Exercise brief: Set down, exactly and only, everything from the line containing "pomegranate opened on" down to the line containing "Virgin Mary statue" in the data below; the pictures are not part of the copy.

Material for this exercise:
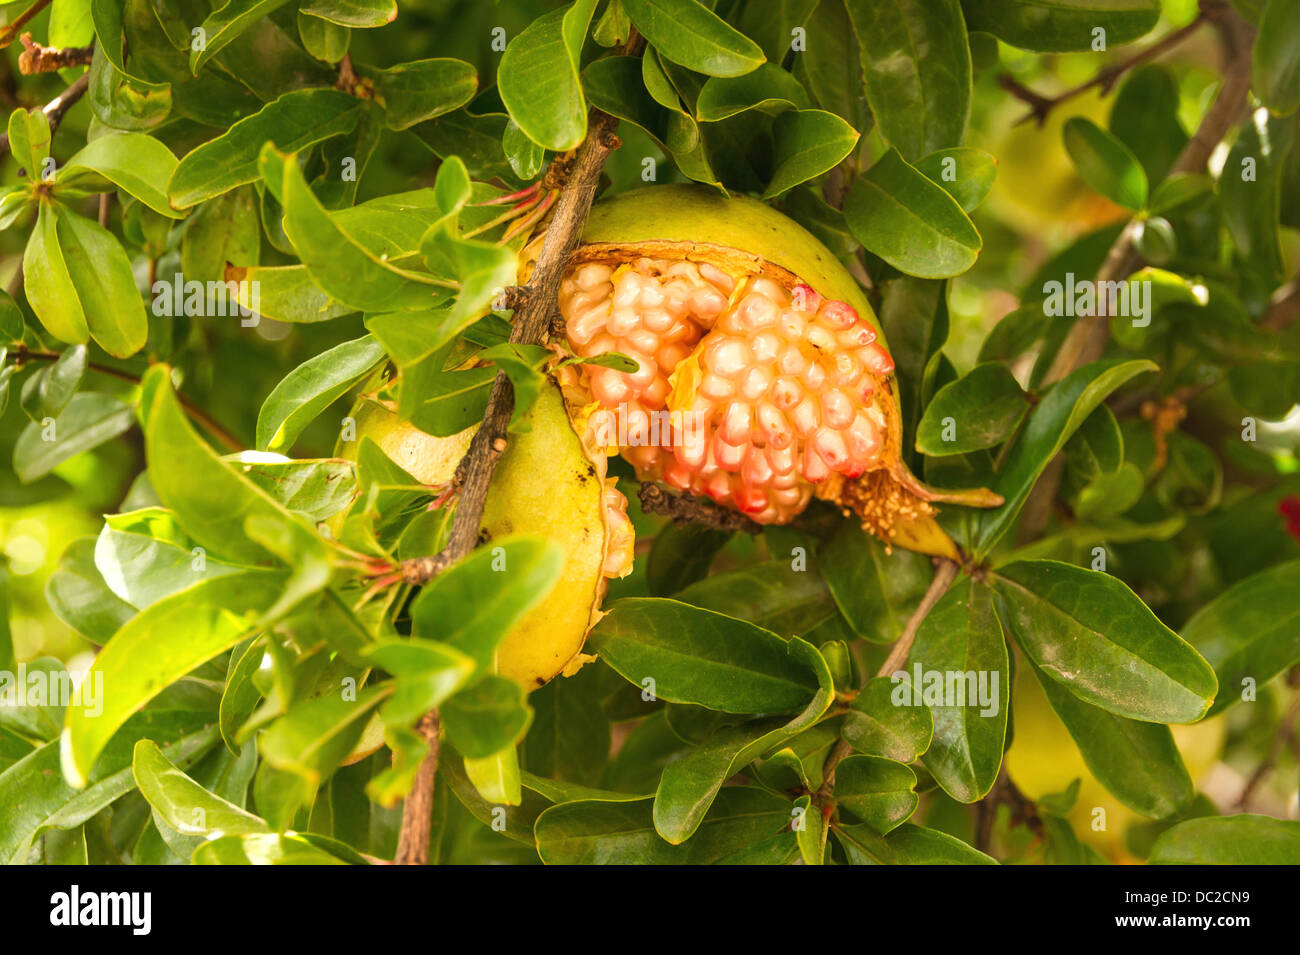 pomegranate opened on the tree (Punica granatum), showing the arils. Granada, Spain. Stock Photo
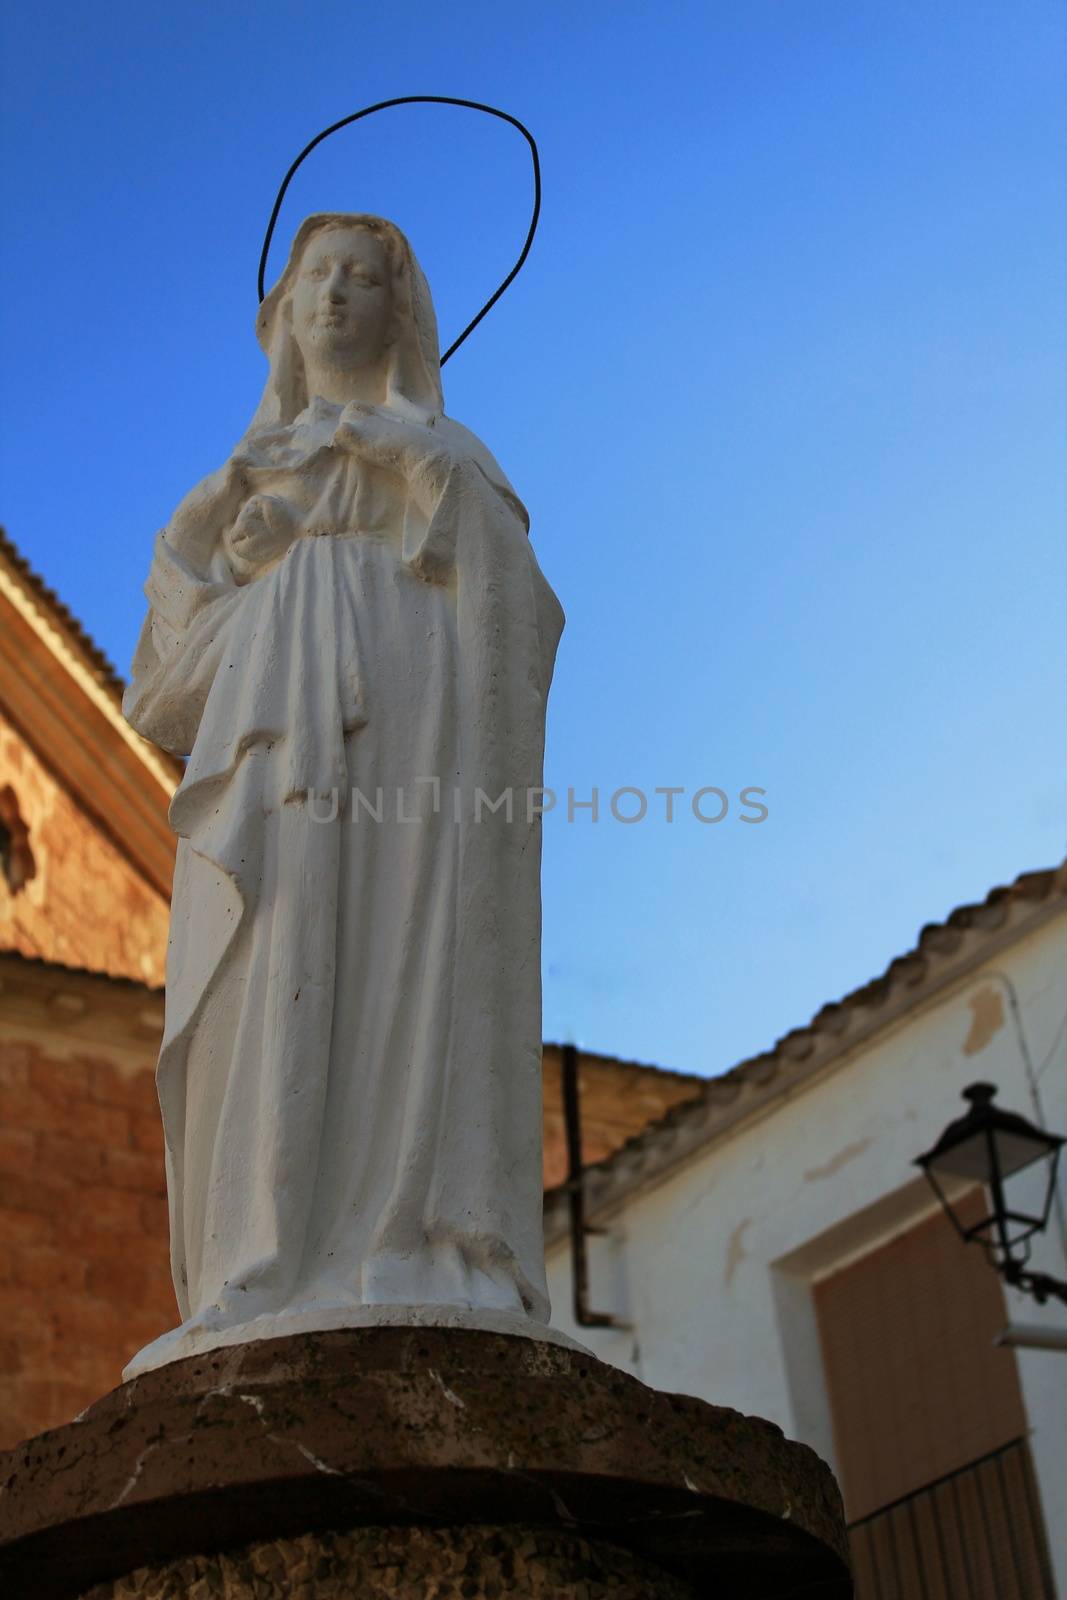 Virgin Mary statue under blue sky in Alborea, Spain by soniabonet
--
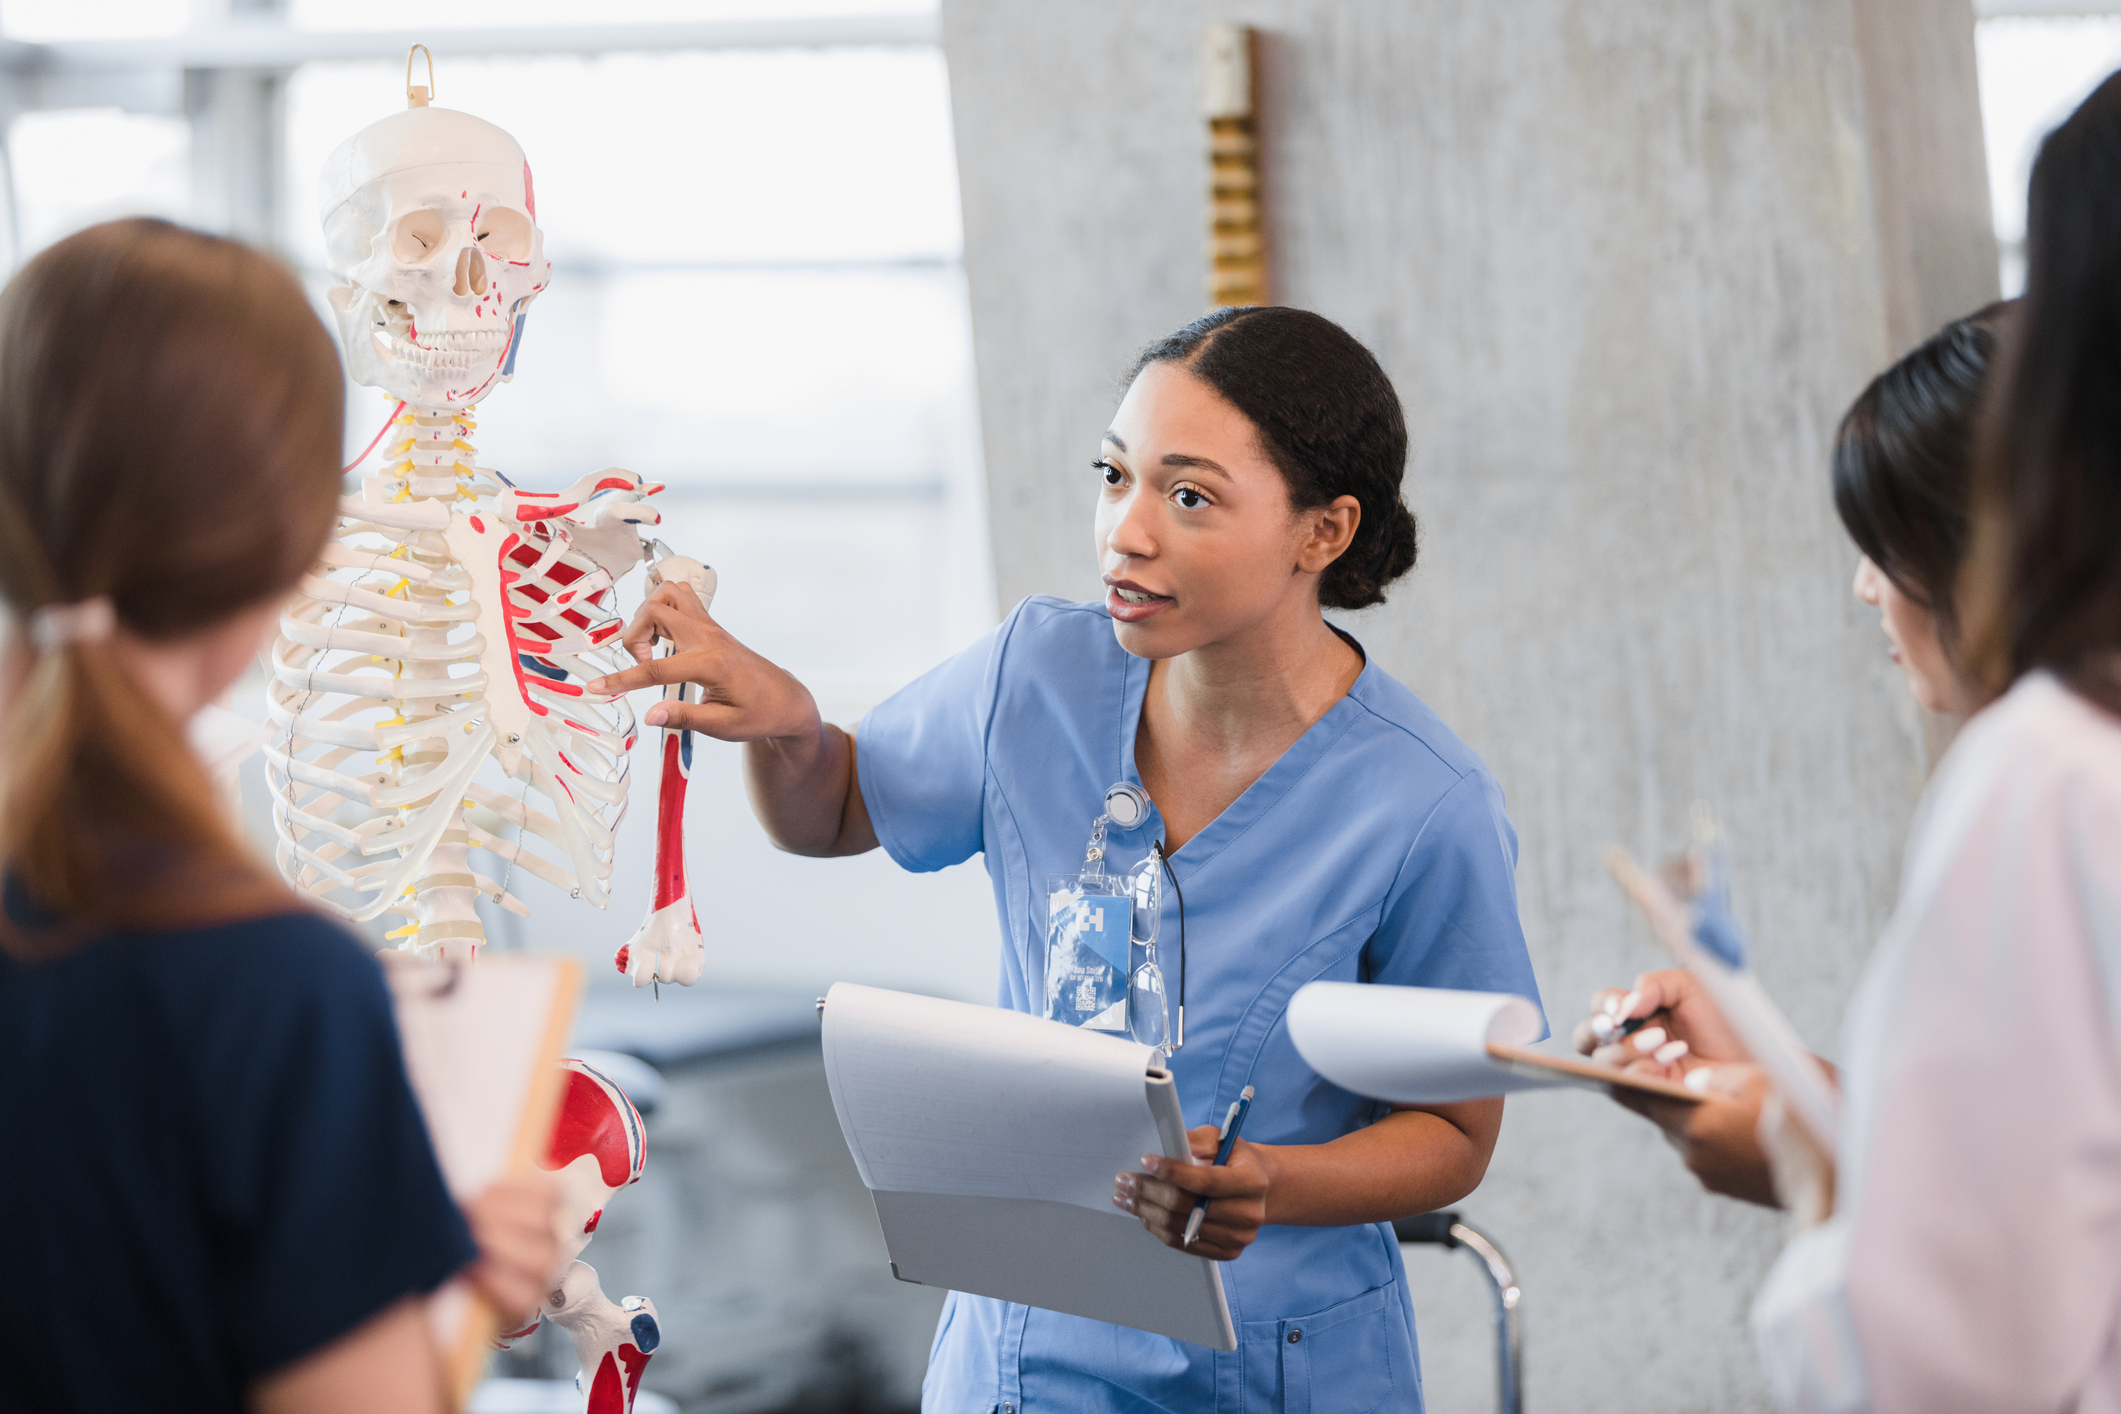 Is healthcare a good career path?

Written answer:
 pomegranate opened on the tree (Punica granatum), showing the arils. Granada, Spain. Stock Photo
 Virgin Mary statue under blue sky in Alborea, Spain by soniabonet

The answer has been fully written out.